Солнце медленно ползло за горизонт – огромное, красное, идеально круглое, как раскаленный пятак. Казалось, что оно проплавляет пространство, истончает его – и вот-вот провалится туда, в черную неизвестность, в никуда и ничто.
– Ты чем-то озабочен, – Инна положила мне на плечо руку.
Холодную, тонкую руку – словно резиновый шланг с колодезной водой.
– Нет, – ответил я. – Нет. Я просто очень давно тут не был.
Сколько лет? Двадцать, двадцать пять? Когда я уехал из этого дома – старого, уставшего, неприкаянного настолько, что за долгие годы никто так и не удосужился поправить перевернувшуюся и висящую на одном гвозде табличку с номером, и почтальоны – они менялись каждый месяц – все время путали наш шестой с девятым, до которого было еще идти и идти?
Я уехал – и вот вернулся, и все по-прежнему, все так же: и облупившиеся стены с полуобсыпавшейся плиткой, и щербатые ступени, ведущие к покосившимся почтовым ящикам, и даже табличка, та же самая табличка, так же висящая на одном гвозде – шестерка, прикидывающаяся девяткой.
Я вернулся, чтобы найти, – и вот я нашел, увидел, проанализировал и классифицировал, занес в анналы своей диссертации, и теперь могу снова уехать, бежать, испариться, словно меня тут и не было. И лишь строчка про то, что в мелком провинциальном музее хранится неизвестный широкой общественности подлинник, будет напоминать мне, что я тут когда-то был. И охра и камедь, кобальт и уголь будут посчитаны и приписаны, пришпилены и распяты – как все, что попадает в жадные руки ученых.
– Не слышишь?
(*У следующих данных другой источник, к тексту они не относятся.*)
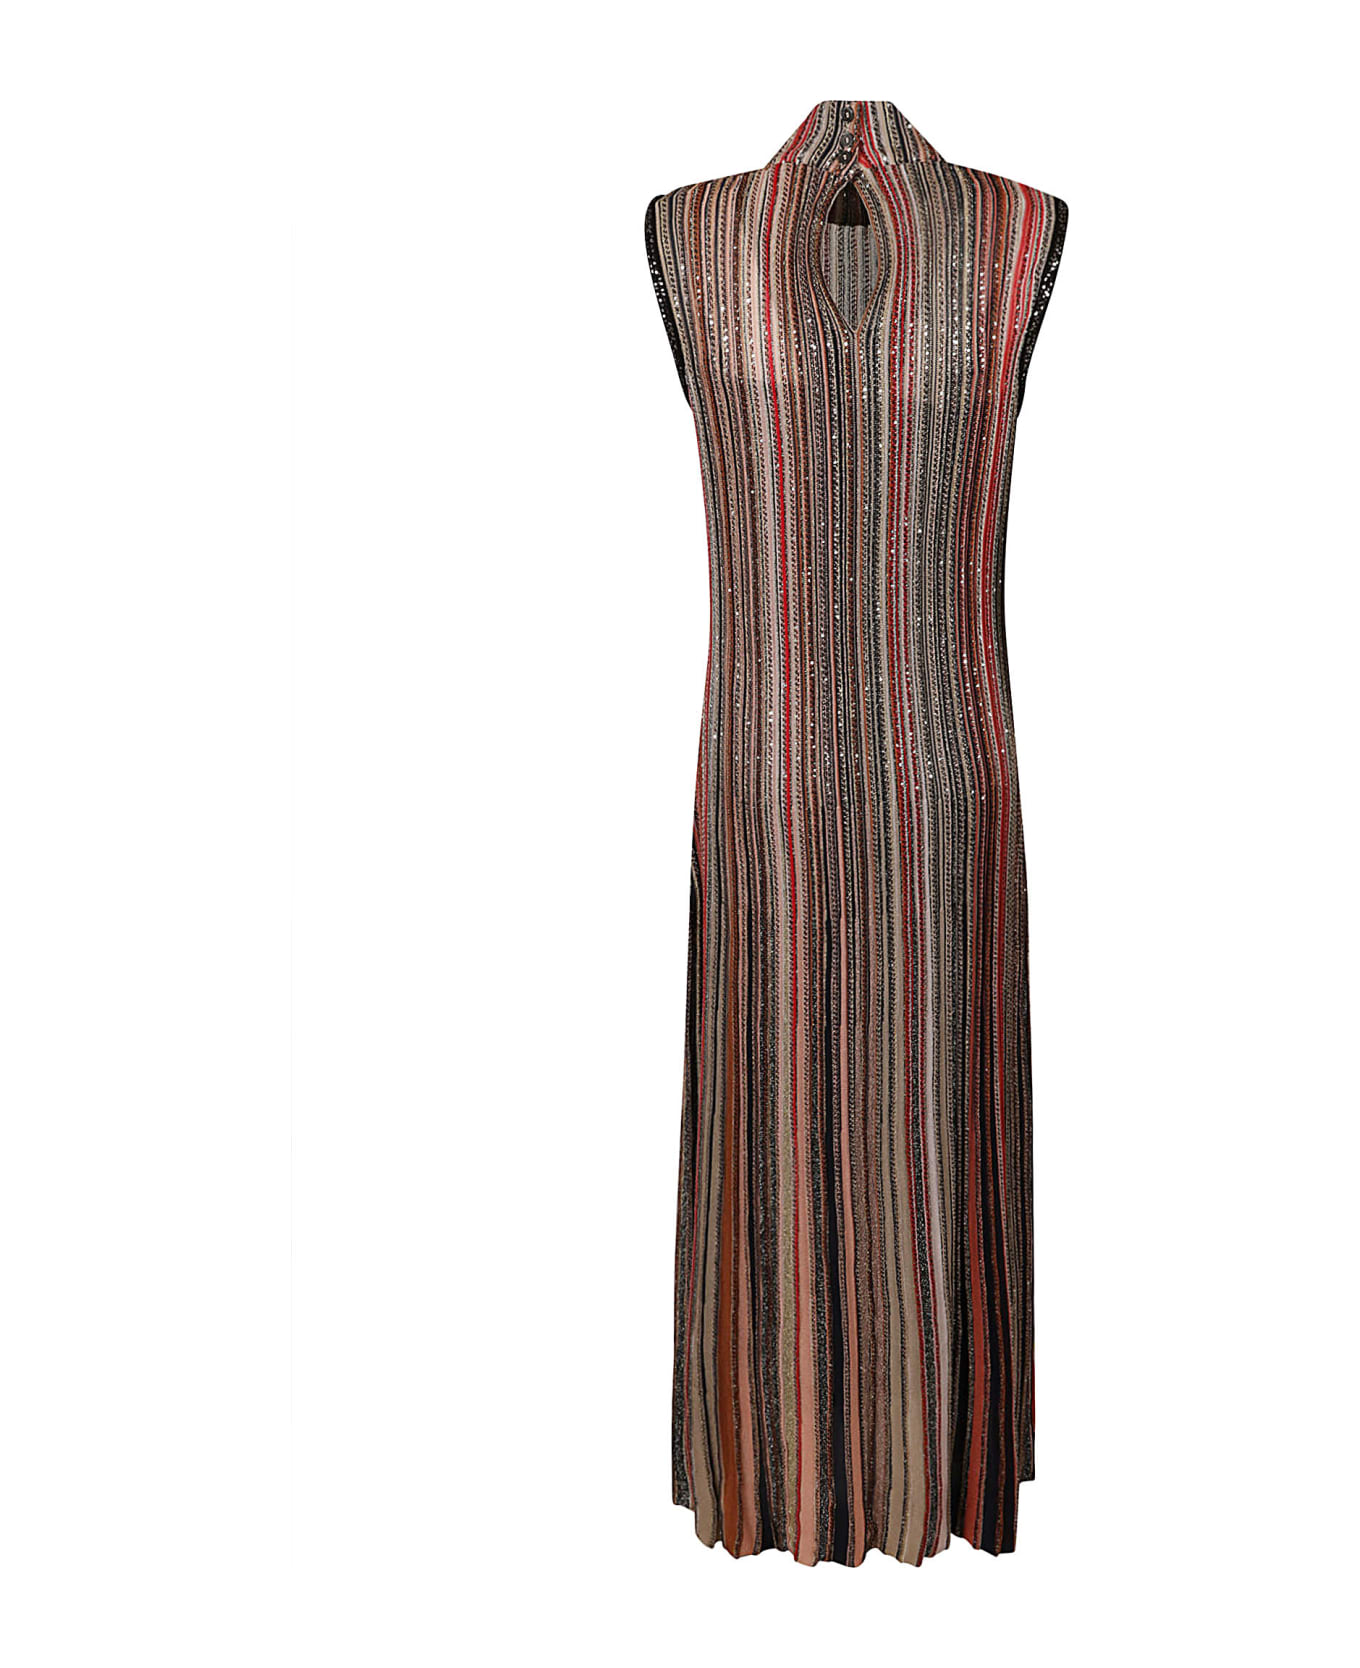 Missoni Embellished Sleeveless Stripe Dress - mult.blk/rust/bei
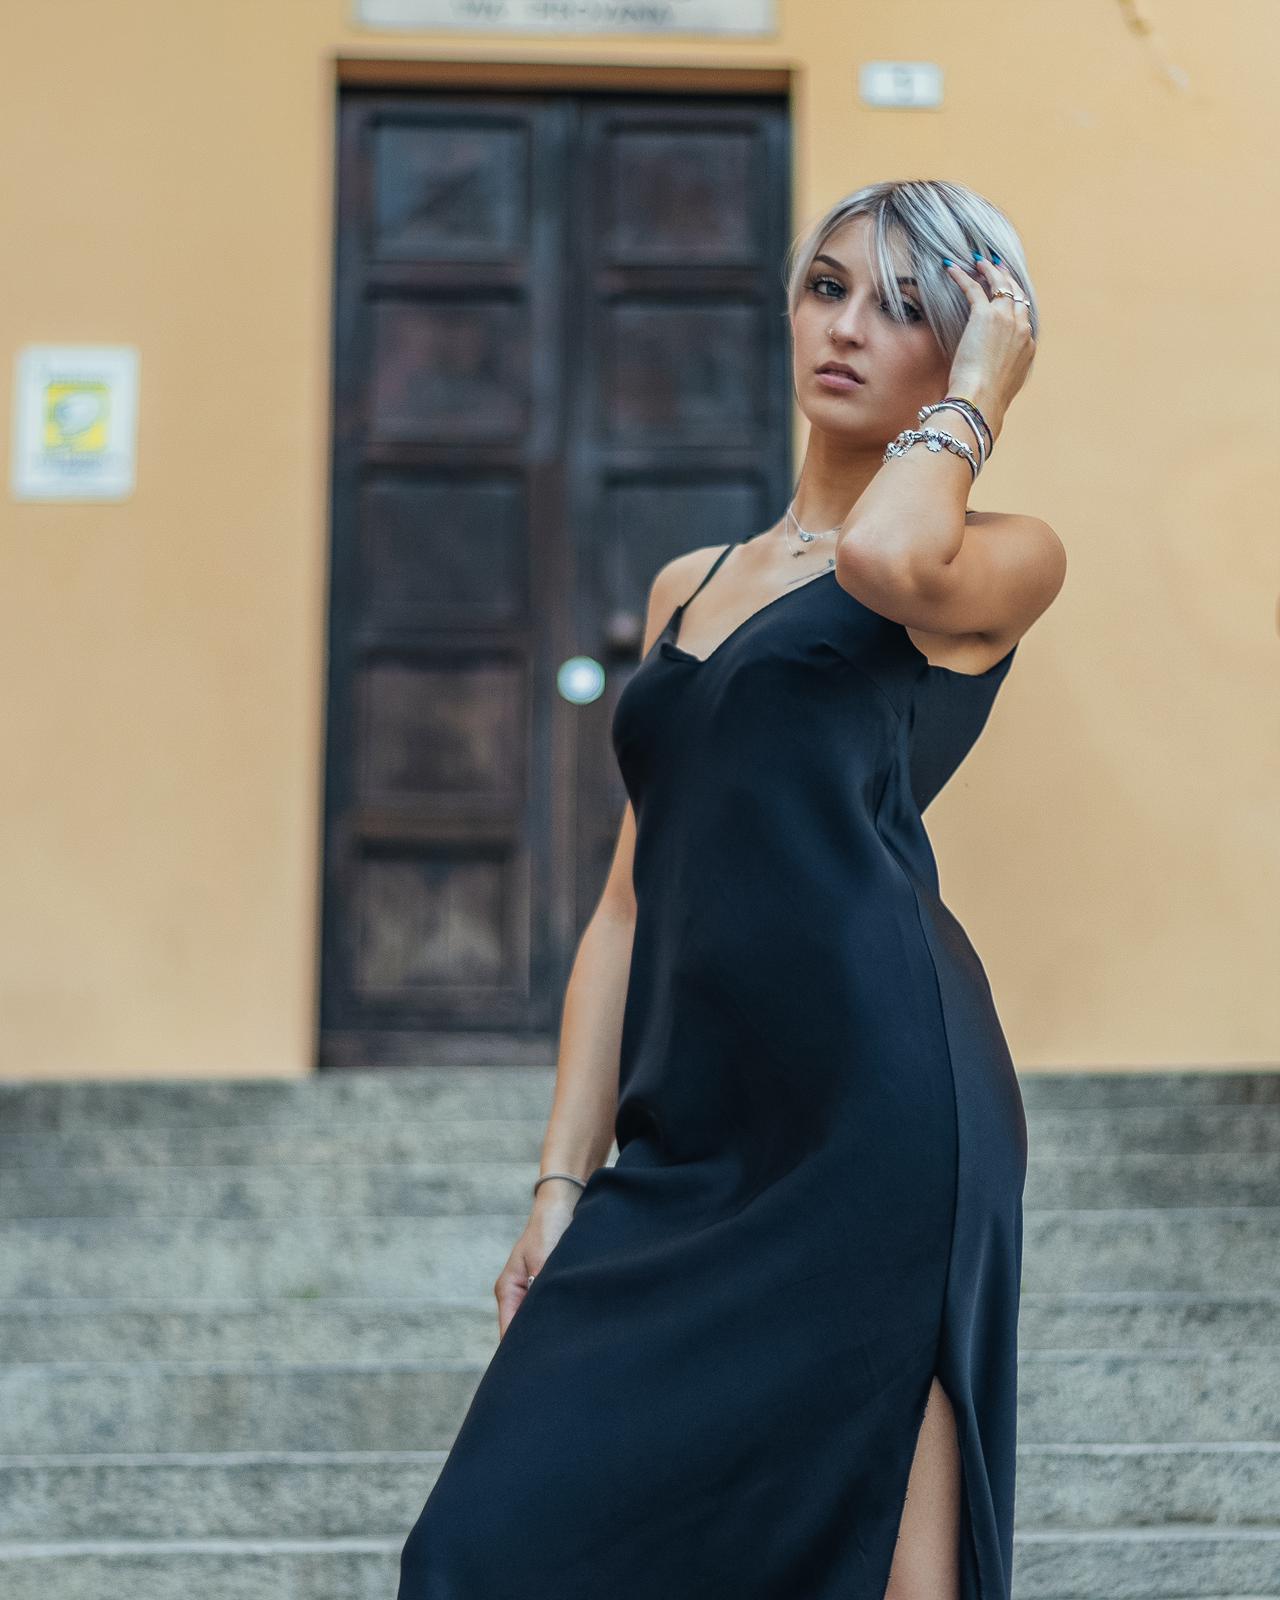 Categorie: Fashion, Glamour, Portrait - Photographer: CHRISTIAN ZINFOLLINO - Model: CATERINA CORONA (_caterinacorona_) - Location: Torino, TO, Italia

Звонят в дверь, – голос Инны был вял и разочарован.
И вял был ее торс, и рука, которая безвольно соскользнула с моего плеча, и вся она вдруг на мгновение мне показалась зыбким маревом на грани сна и яви.
А может быть, то на грани сна и яви был я.
Москва, Кремль, декабрь 1917 г.
– Казимир Северинович…
Они шли и шли, шли и шли, с мышиными лицами, с жучиными взглядами, с клоповьими усмешками. Они несли какие-то бумаги – вялые, липкие, склизкие бумаги, на которых нельзя было поставить даже росчерк карандашом, сделать хоть какой-то, хоть самый простой набросок, хоть даже голову лошади – ту самую голову, которую он каждый день видит из окна своего кремлевского кабинета, голову, которая валялась под аркой, еще когда он только пришел сюда, – и вот теперь, обглоданная муравьями, выбеленная солнцем, скалит желтые зубы в издевательской усмешке.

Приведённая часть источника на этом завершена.